The denominator, it will be recalled, is the maximum possible number of lines which a graph could contain. This figure
would need to be based on some assumption about the maximum possible value which could be taken by the multiplicity in
the network in question. If the maximum multiplicity is assumed to be 4, then the weighted maximum number of lines would
be equal to four times the figure that would apply for a similar unvalued graph. But how might a researcher decide on an
estimate of what the maximum multiplicity for a particular relation might be? One solution would be to take the highest
multiplicity actually found in the network and to use this as the weighting (Barnes, 1969). There is, however, no particular
reason why the highest multiplicity actually found should correspond to the theoretically possible maximum. In fact, a
maximum value for the multiplicity can be estimated only when the researcher has some independent information about the
nature of the relationships under investigation. In the case of company interlocks, for

Lines, direction and density 77

example, average board size and the number of directorships might

be taken as weightings. If the mean board size was five, for example, and it is assumed that no person can hold more than
two directorships, then the mean multiplicity would be 5 in a complete and fully connected graph.
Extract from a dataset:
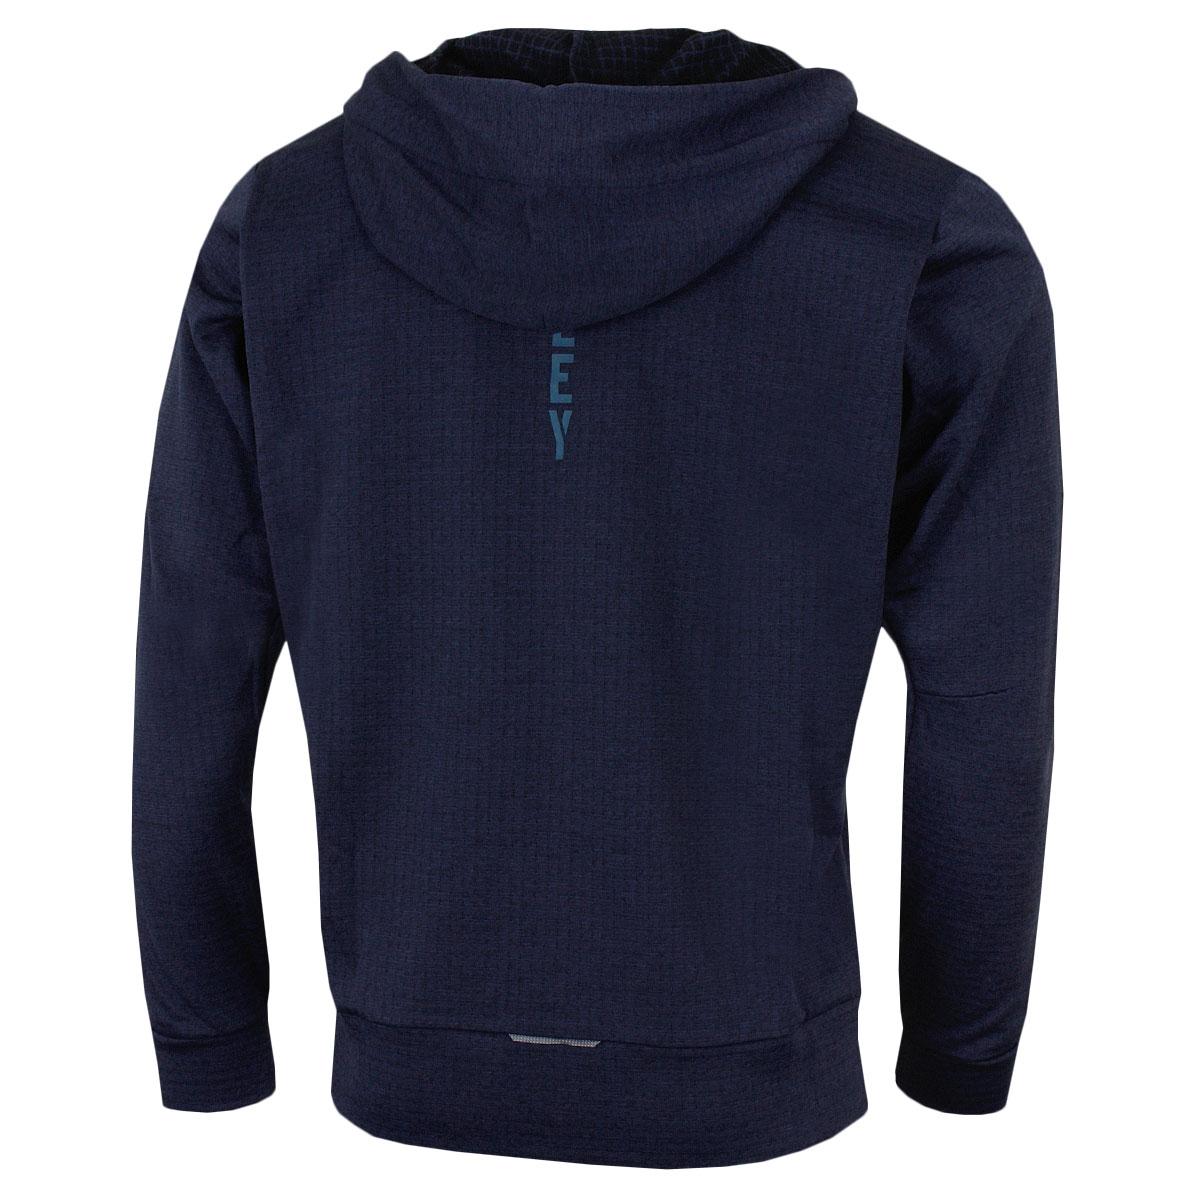 Oakley-Mens-Enhance-Tech-8-7-Quick-Drying-Fleece-Jacket-43-OFF-RRP thumbnail 5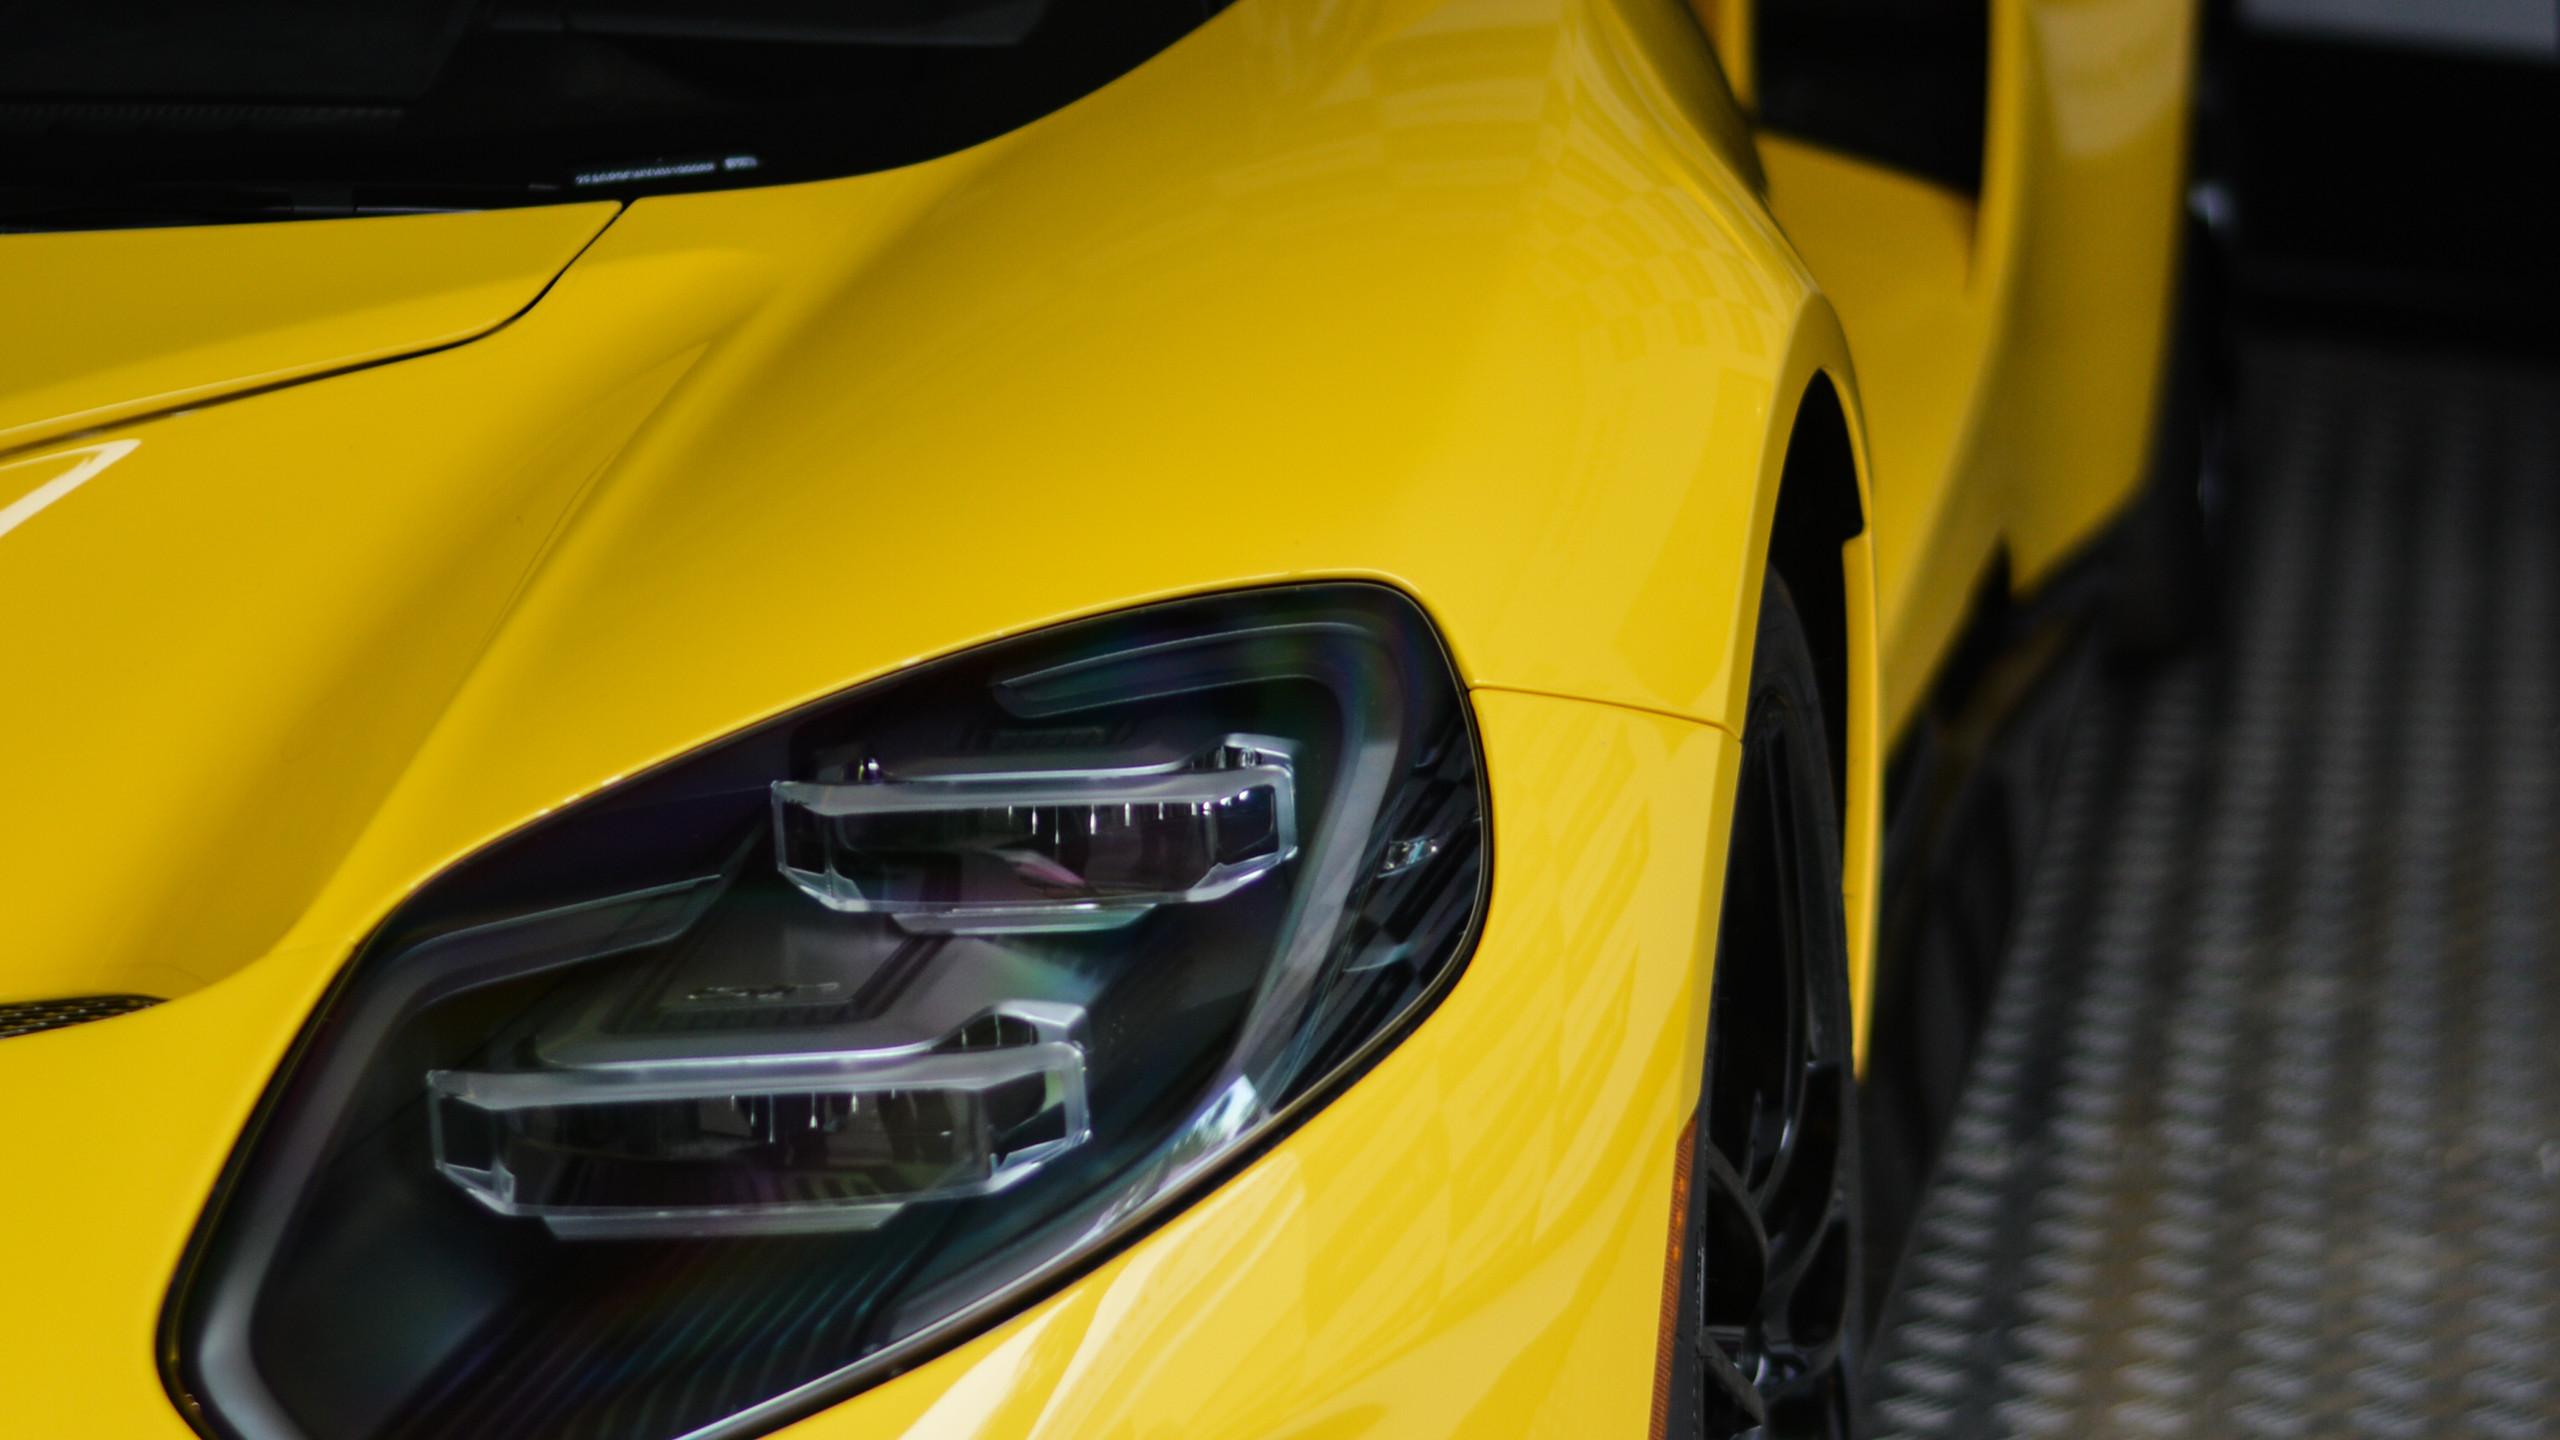 This new model features extravagant headlight design

In the case of the company sociogram in Figure 3.5, for example, the weighted total of lines measured on this basis would be
5 times 6, or 30. The actual total of weighted lines in the same Sociogram, produced by adding the values of all the lines, is
12, and so the multiplicity-based density would be 12/30, or 0.4. This compares with a density of 1.0 which would be
calculated if the data were treated as if they were unvalued. It must be remembered, however, that the multiplicity-based
calculation is based on an argument

about the assumed maximum number of directorships that a person can hold. If it were assumed that a person could hold a
maximum of three directorships, for example, then the density of the company sociogram would fall from 0.4 to 0.2. For
other measures of intensity, there is no obvious way of weighting lines. 10

The density measure for valued graphs, therefore, is highly sensitive to those assumptions which a researcher makes about
the data. A measure of density calculated in this way, however, is totally incommensurable with a measure of density for
unvalued data. For this reason, it is important that a researcher does not simply use a measure because it is available in a
standard r)rolram. A researcher must always be perfectly clear about the ass@ mptions that are involved in any particular
procedure, and must report these along with the density measures calculated. The problem in hand-

ling valued data may be even more complex if the values do not refer to multiplicities.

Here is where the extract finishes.